Dataset excerpts
━━━
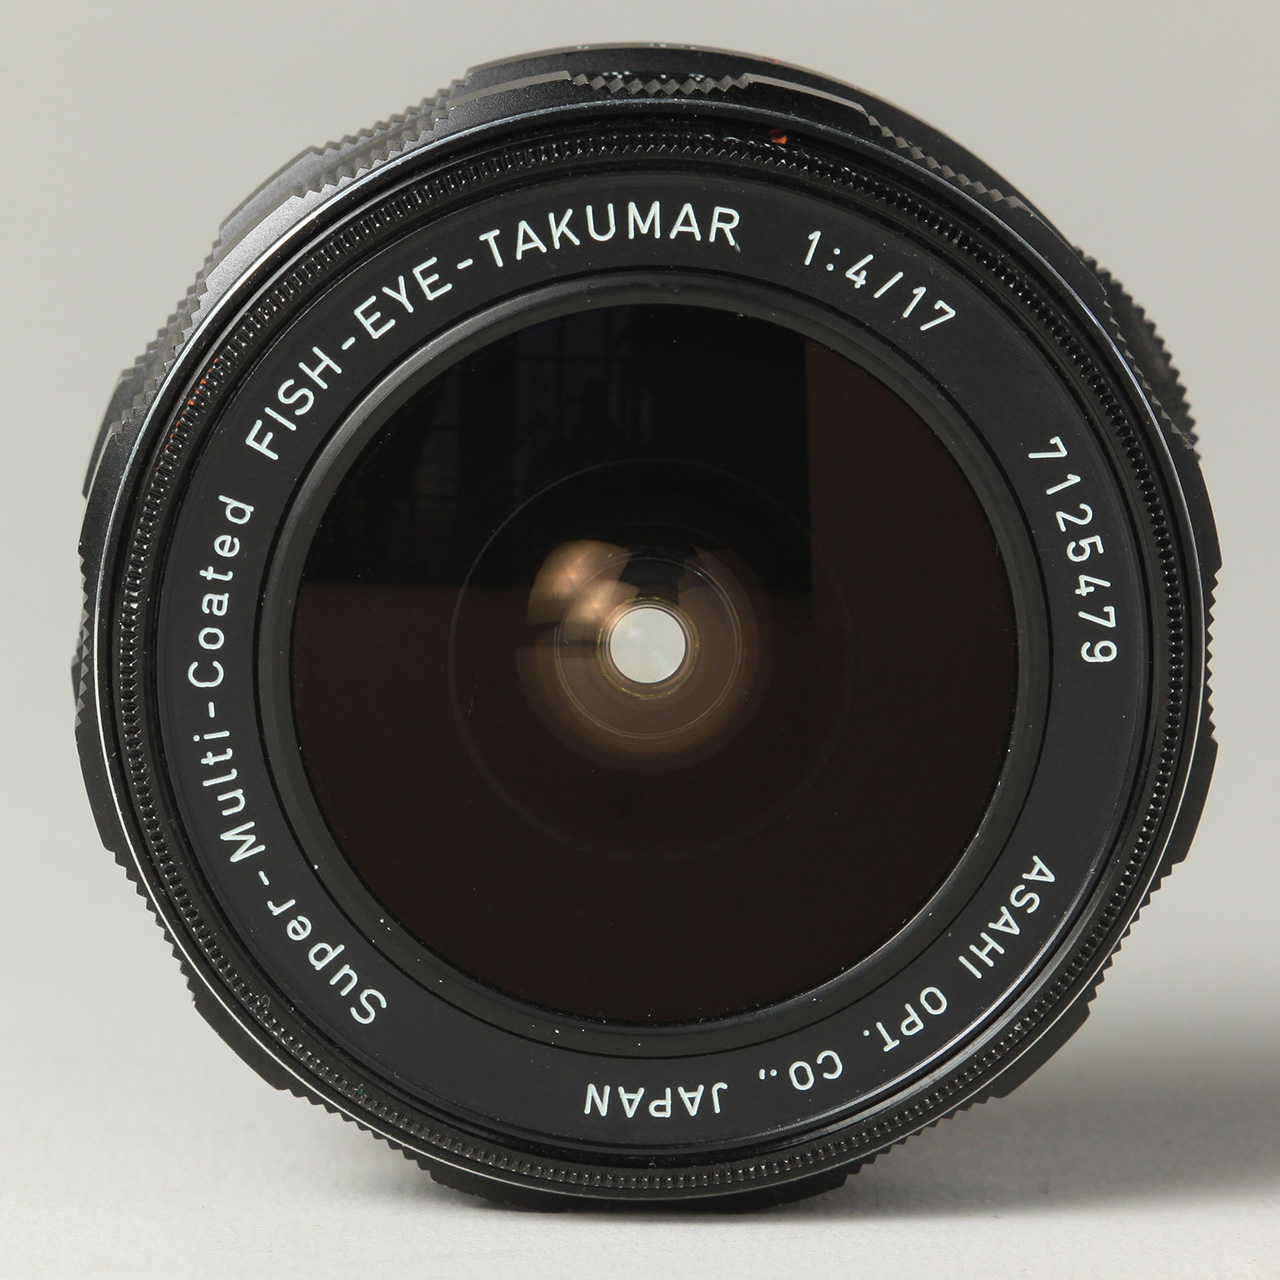 Super-Multi-Coated Fish-Eye Takumar 1:4.0/17mm (UV Filter Dialed In)
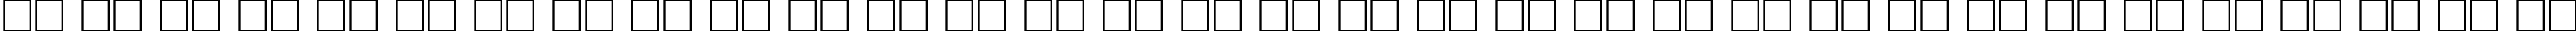 Пример написания русского алфавита шрифтом Didona
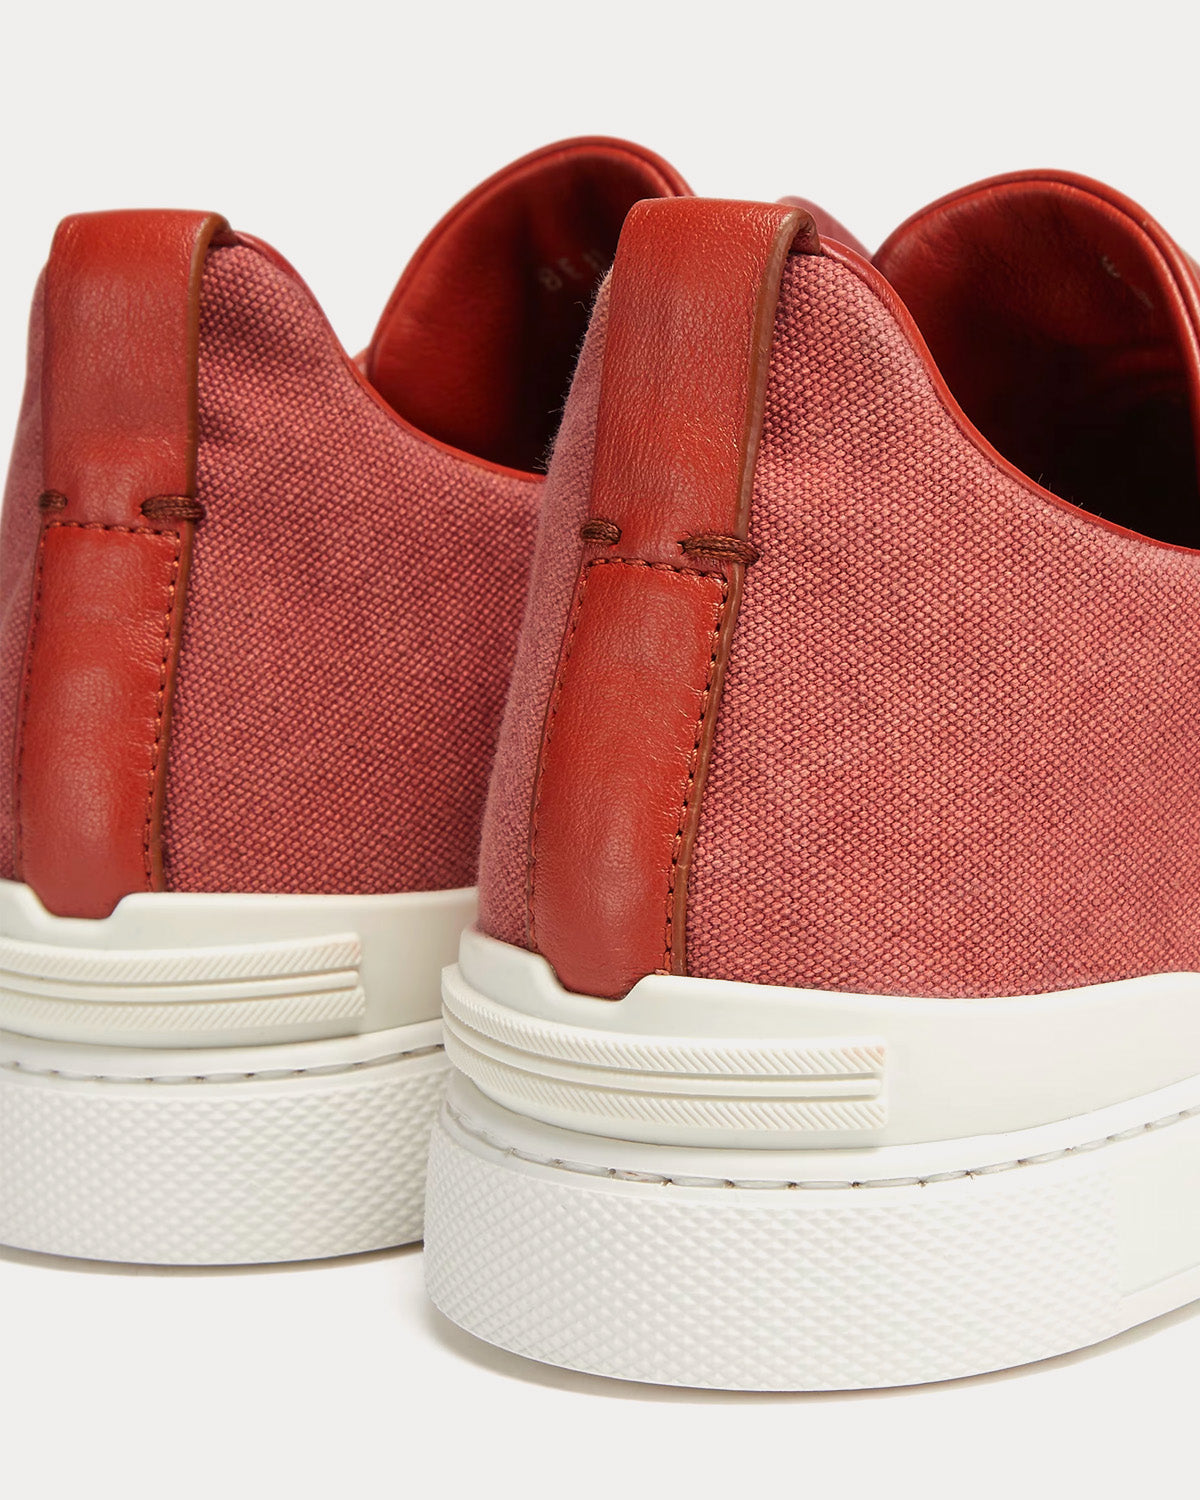 Zegna - Triple Stitch Canvas Dark Red Slip On Sneakers
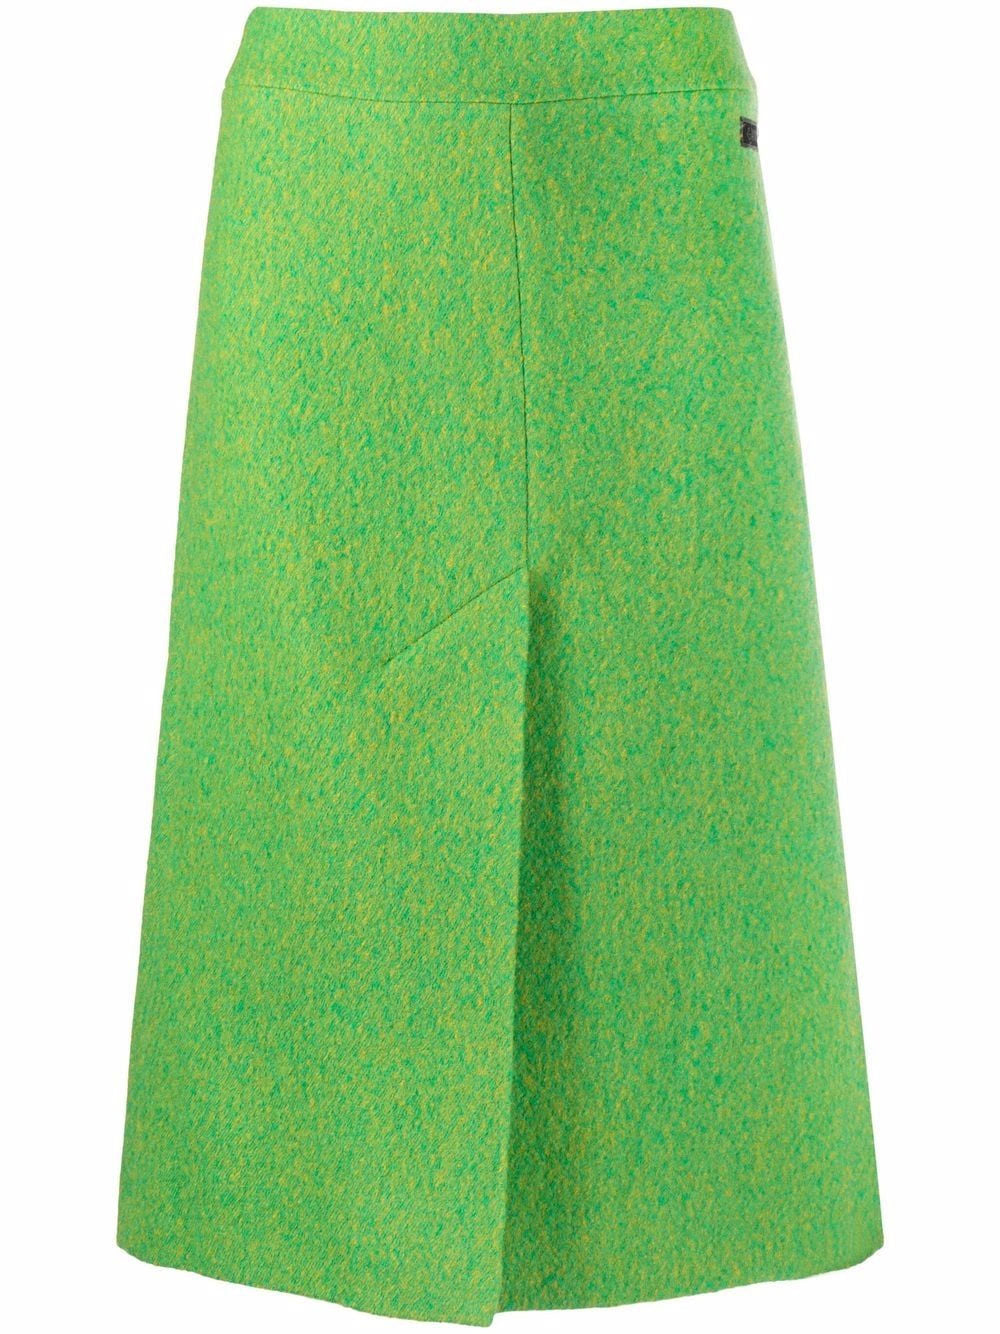 Midi skirt in recycled wool
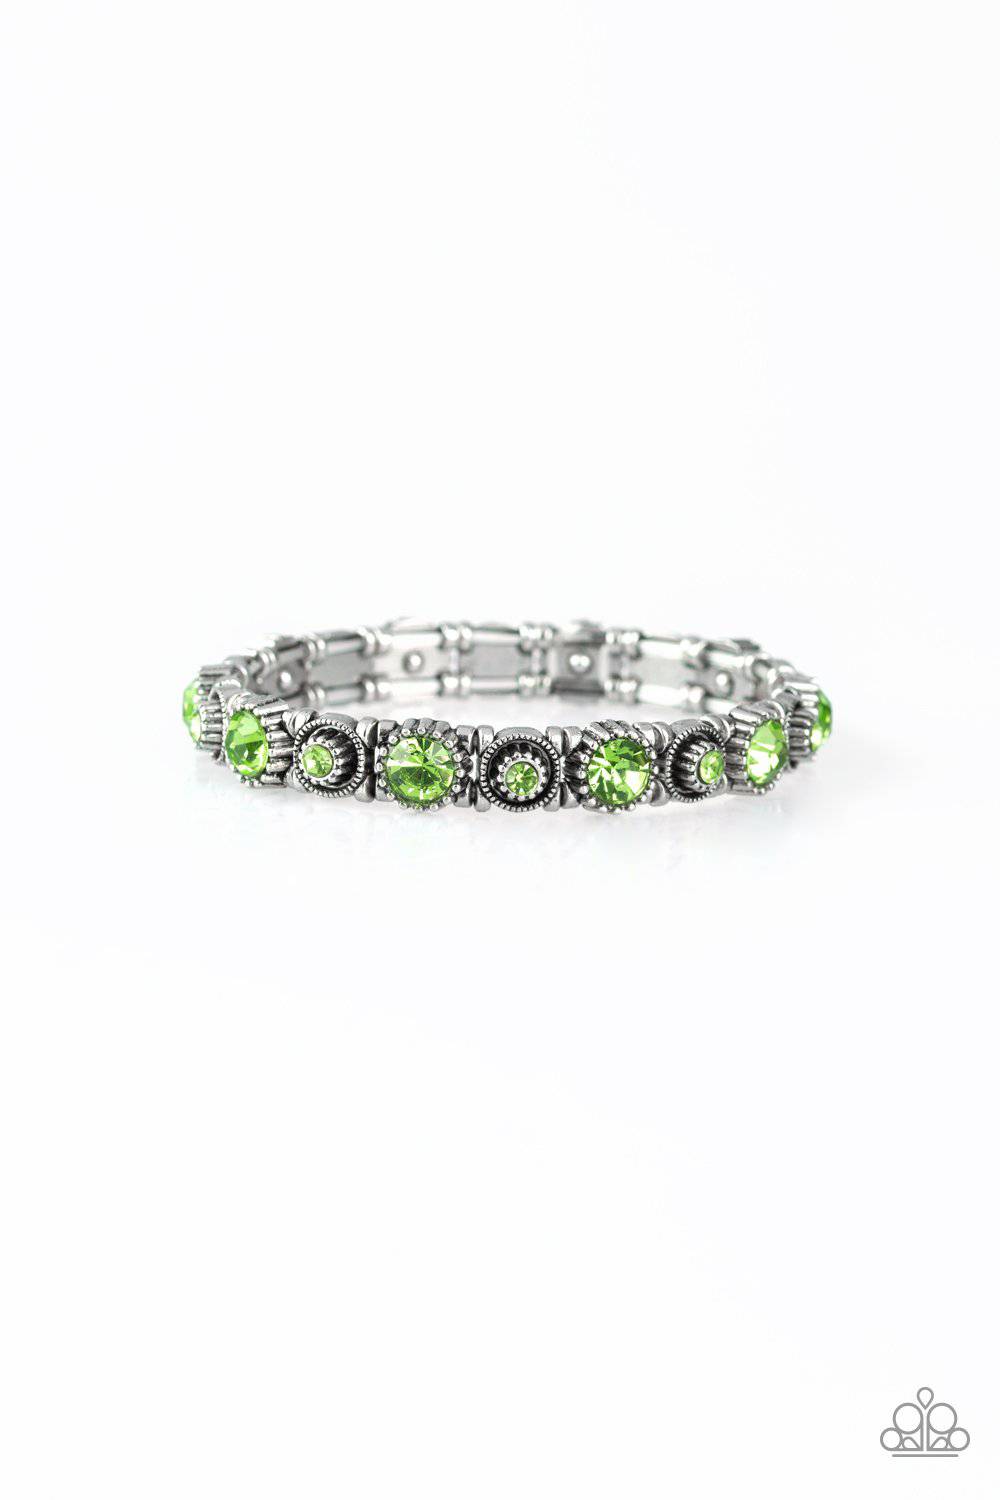 Heavy On The Sparkle - Green Rhinestone Bracelet - Paparazzi Accessories - GlaMarous Titi Jewels
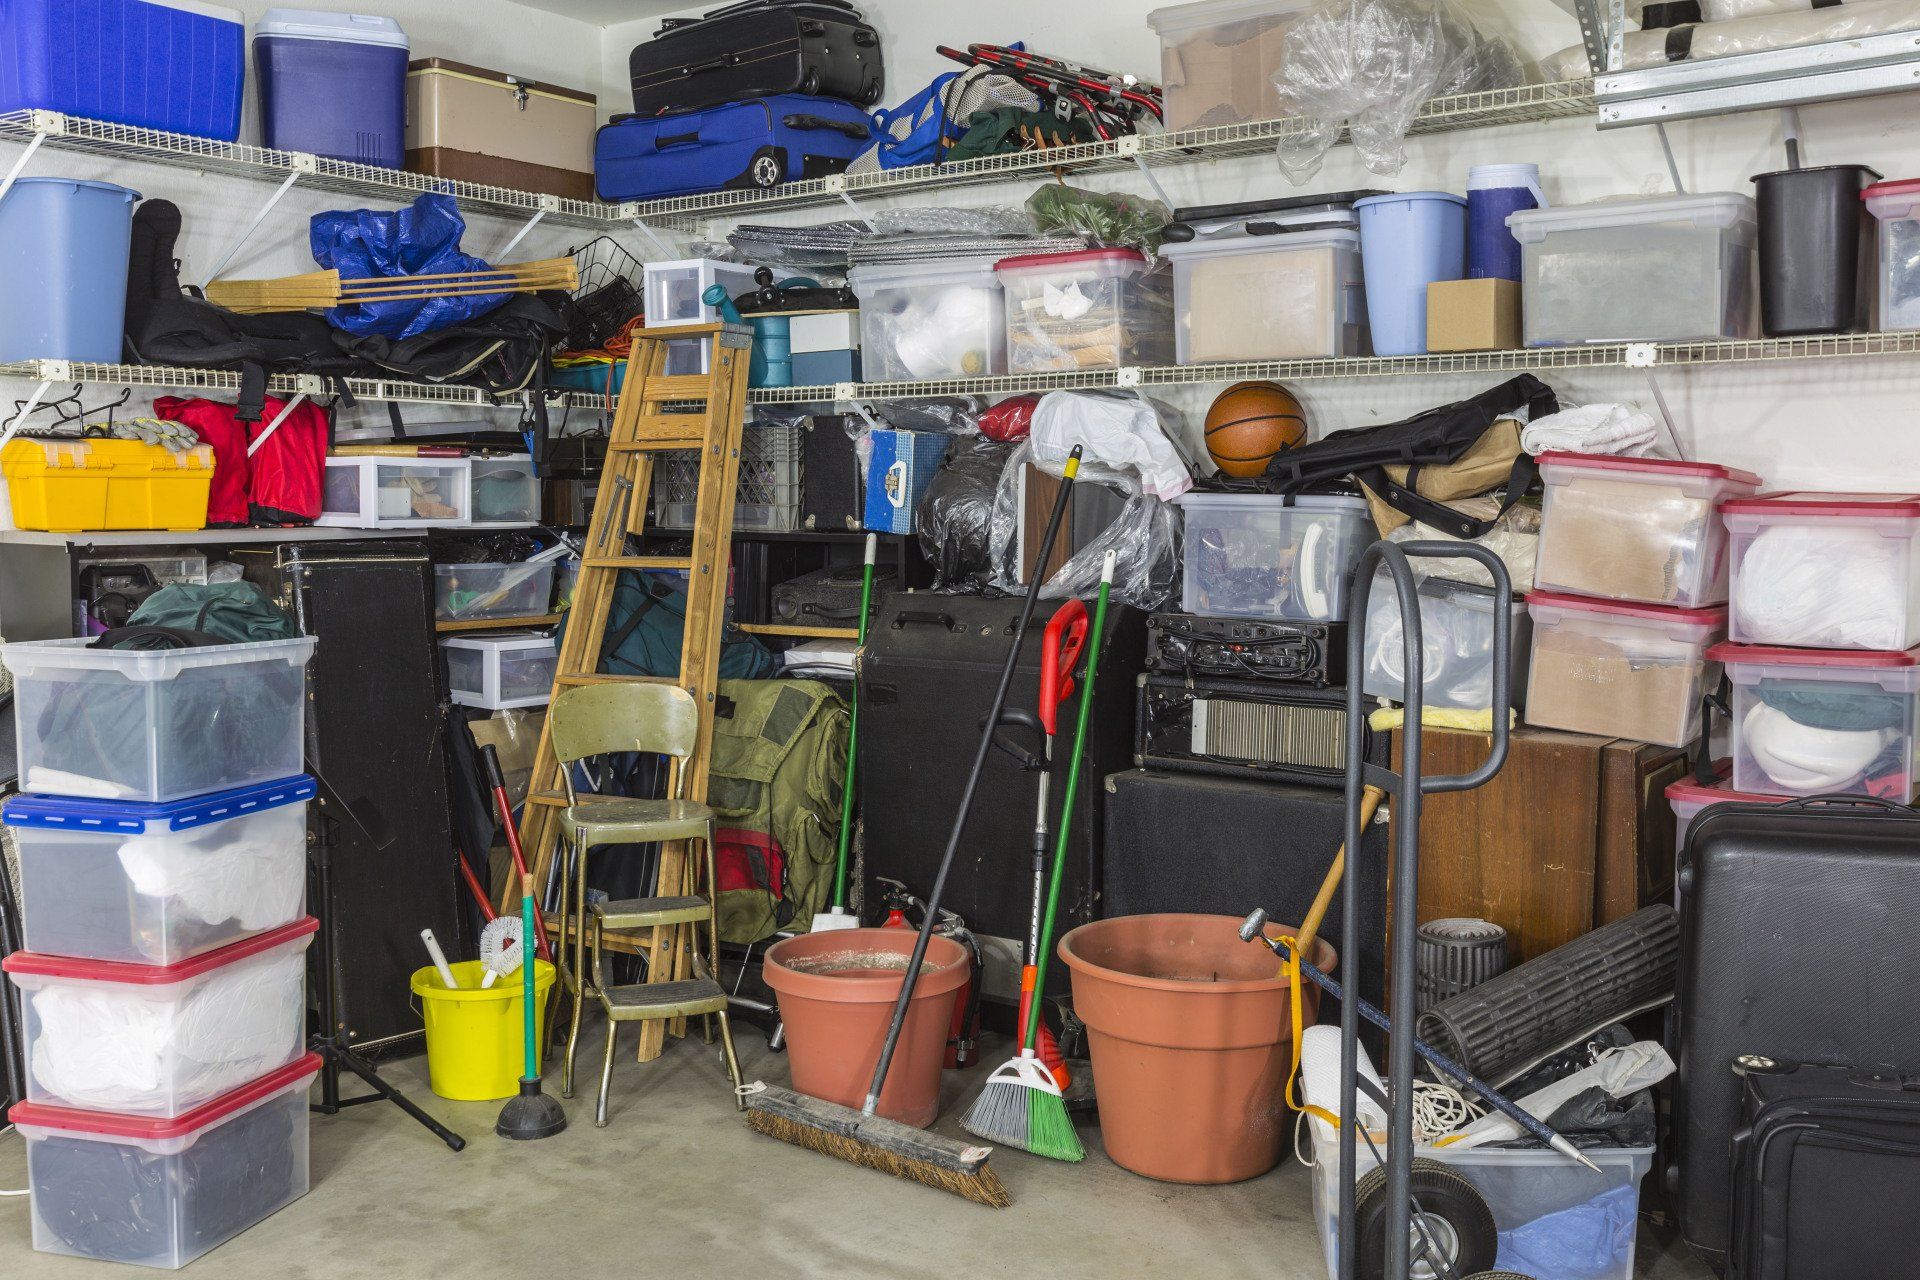 garage cabinetry
━━━
* **Directions for this task**: In your answer, repeat all the entries exactly, but leave out the pictures.

* **Result below**:
 Super-Multi-Coated Fish-Eye Takumar 1:4.0/17mm (UV Filter Dialed In)
 Пример написания русского алфавита шрифтом Didona
 Zegna - Triple Stitch Canvas Dark Red Slip On Sneakers
 Midi skirt in recycled wool
 Heavy On The Sparkle - Green Rhinestone Bracelet - Paparazzi Accessories - GlaMarous Titi Jewels
 garage cabinetry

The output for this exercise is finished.